You have stablished $(\star)$ for $n=2$ so you have to prove it now for all $n\gt 2$. So pick $n\gt 2$ and $n$ numbers $a_1,\ldots,a_n$.

Now, you can use $(\star\star)$ for a list of numbers of size of power of two. You don't know if $n$ is a power of 2 but you know that sure there is a $m$ so that $2^m\gt n$, so let's add some numbers to our list so we end with a list of size $2^m$.

Which numbers should we add? We don't know, but the most simple thing we can do is add the same number several times (after all this is a try, we don't know if it will work), then our list will be $a_1,\ldots,a_n,\underbrace{x,\ldots,x}_{2^m-n}$.

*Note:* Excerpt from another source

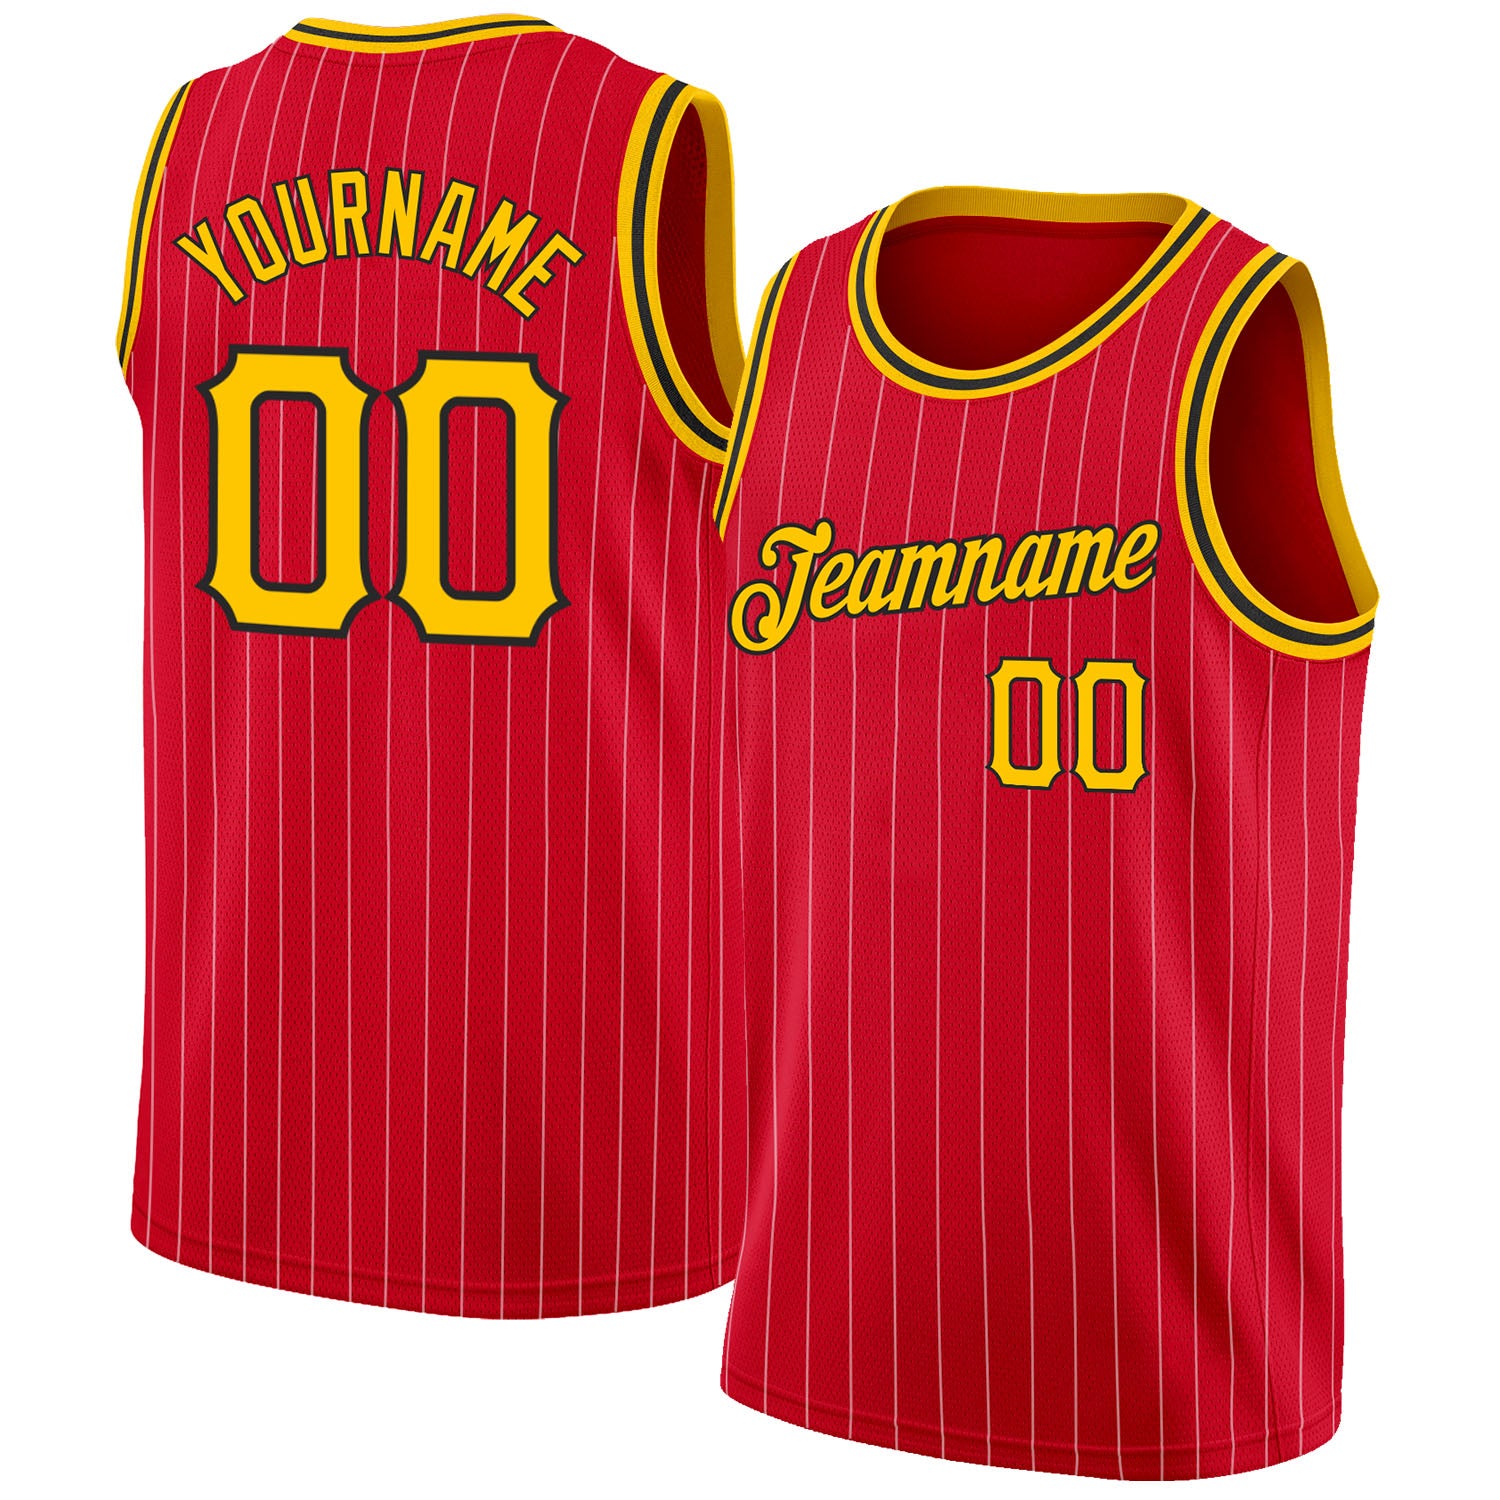 Custom Red Gold Pinstripe Gold-Black Authentic Throwback Basketball Jersey  Discount
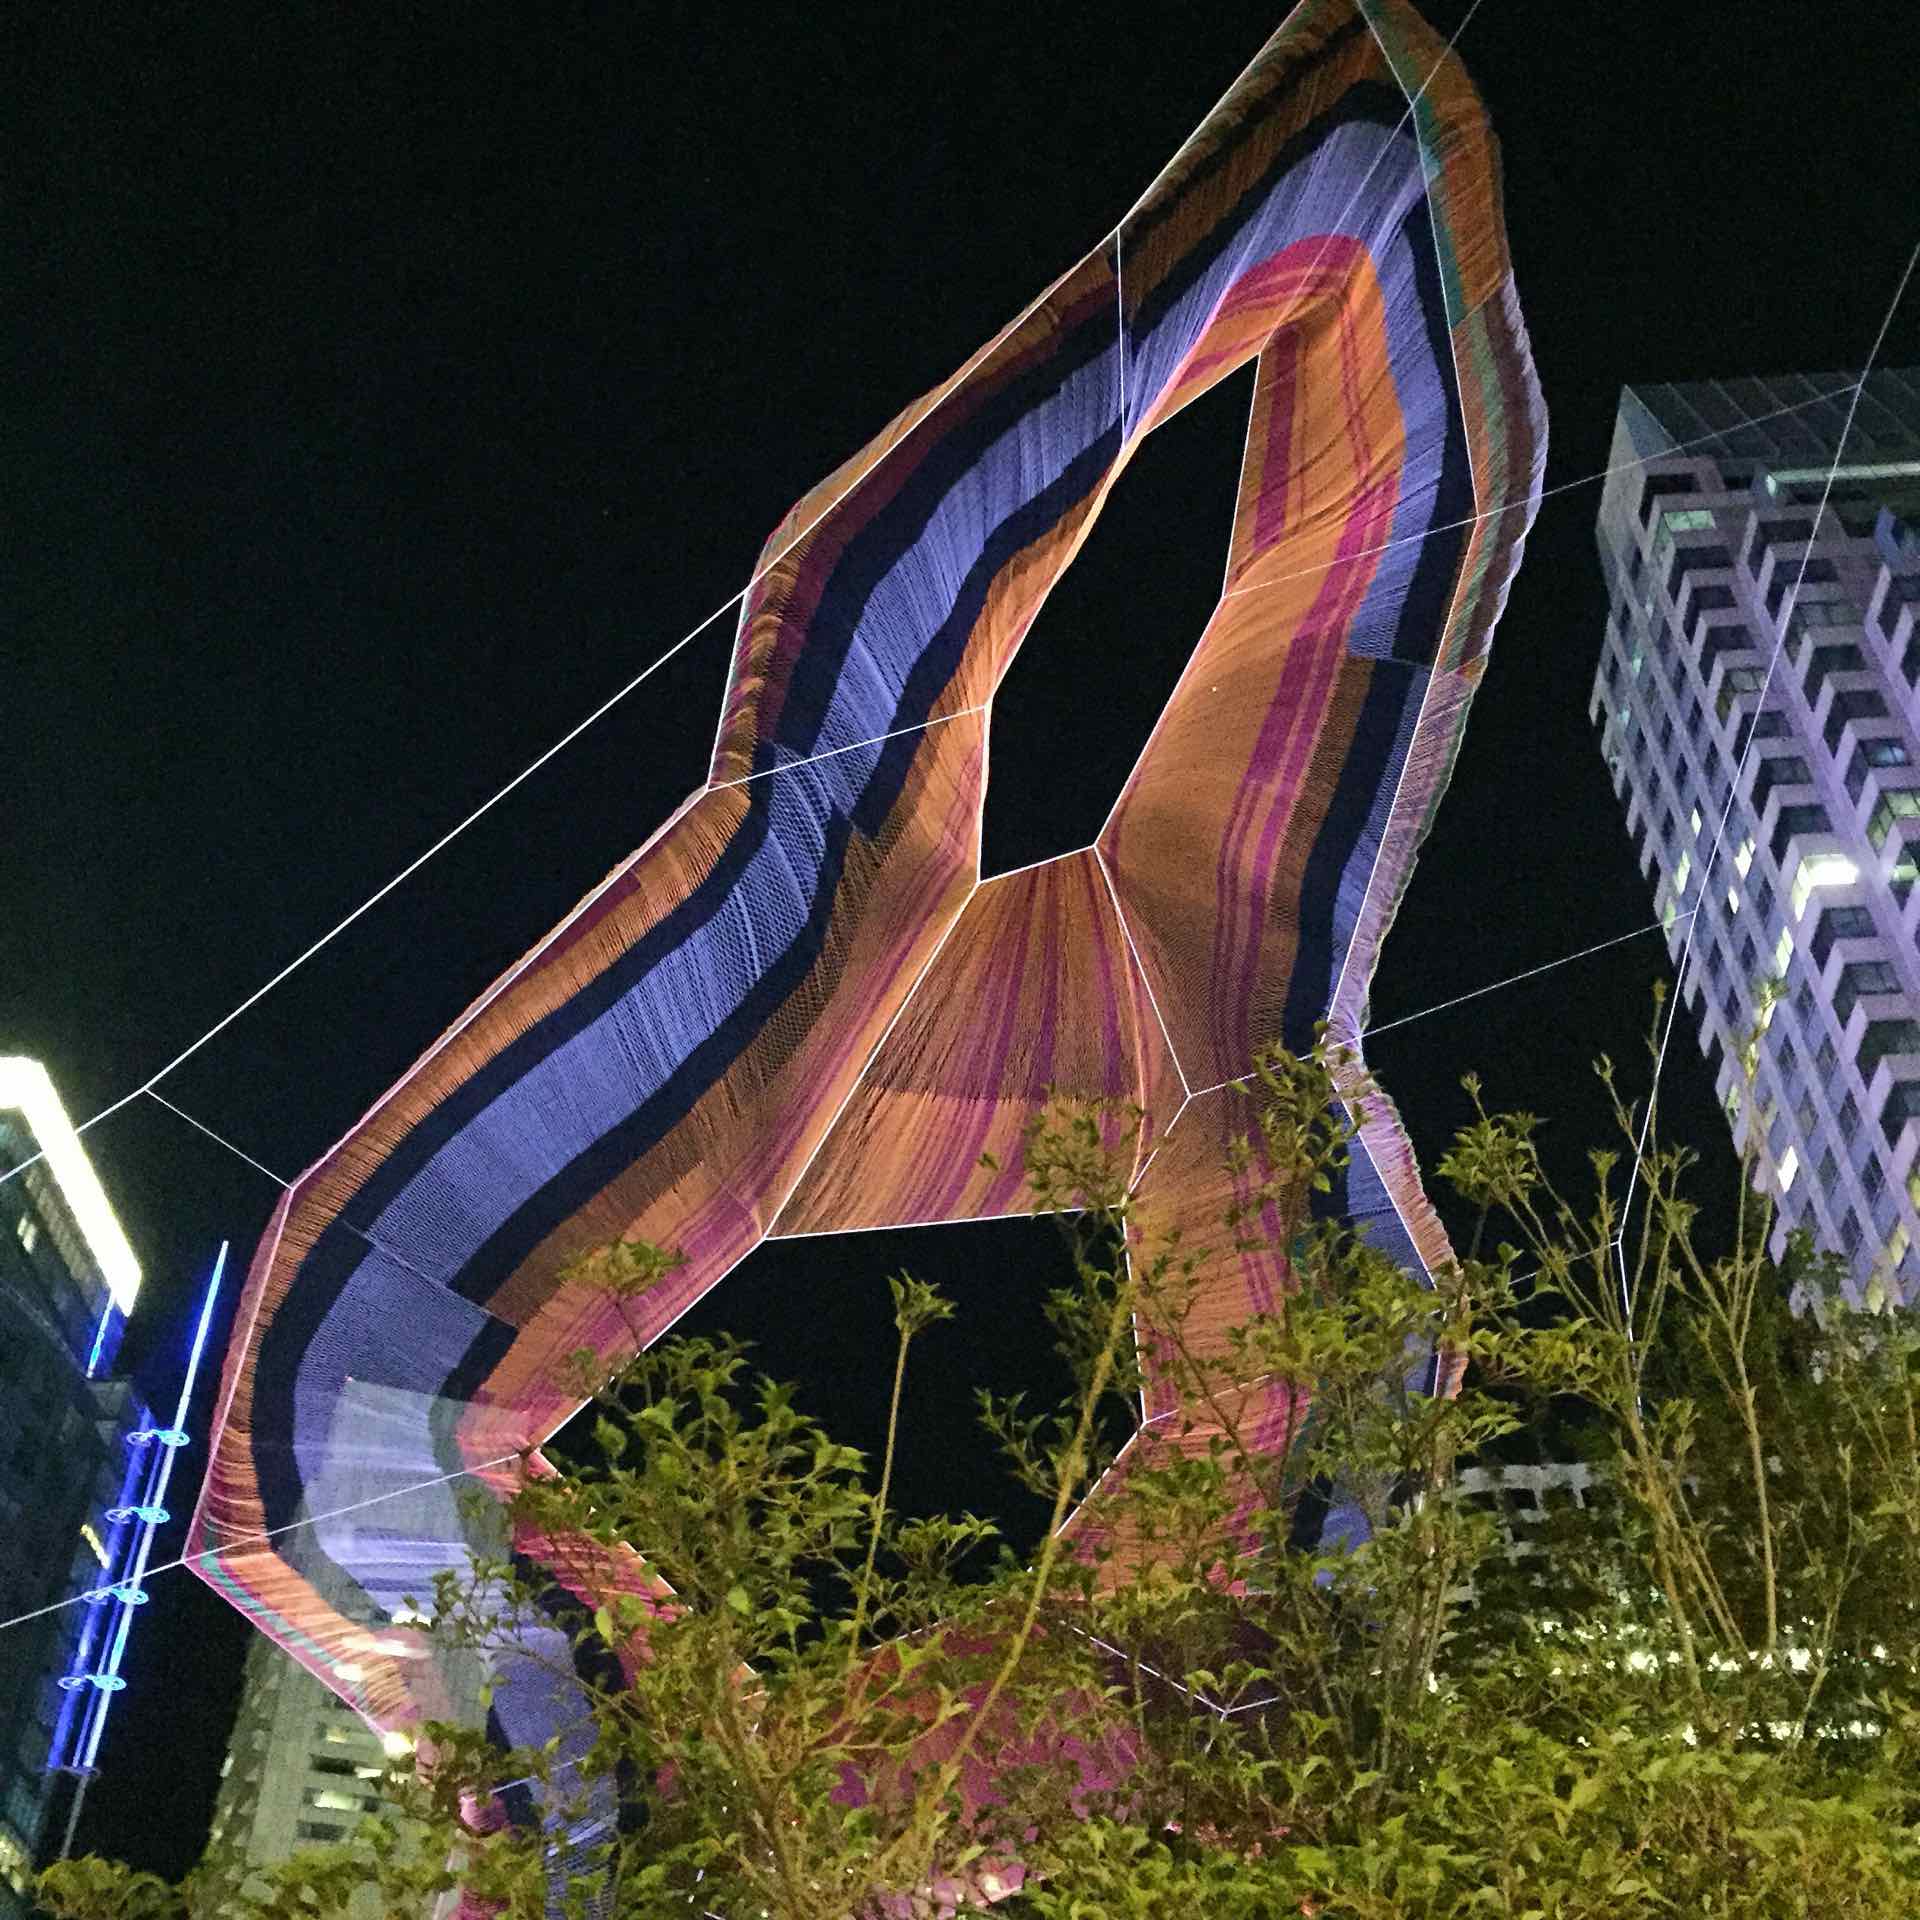 Public Art Comes to the Rose F. Kennedy Greenway

Using $(\star\star)$ we get $$a_1\cdots a_n\cdot x^{2^m-n}\leq \left(\frac{a_1+\cdots+(2^m-n)x}{2^m}\right)^{2^m}.\tag{$\ast$}$$

Now you wonder, it would be nice if $x$ had the ability of turn$\frac{a_1+\cdots+a_n+(2^m-n)x}{2^m}$ into $\frac{a_1+\cdots+a_n}{n}$,is there such $x$? That question is answered by the equation $$\frac{a_1+\cdots+a_n+(2^m-n)x}{2^m}=\frac{a_1+\cdots+a_n}{n},$$ which by solving for $x$ tell you that $$x=\frac{a_1+\cdots+a_n}{n}$$ work.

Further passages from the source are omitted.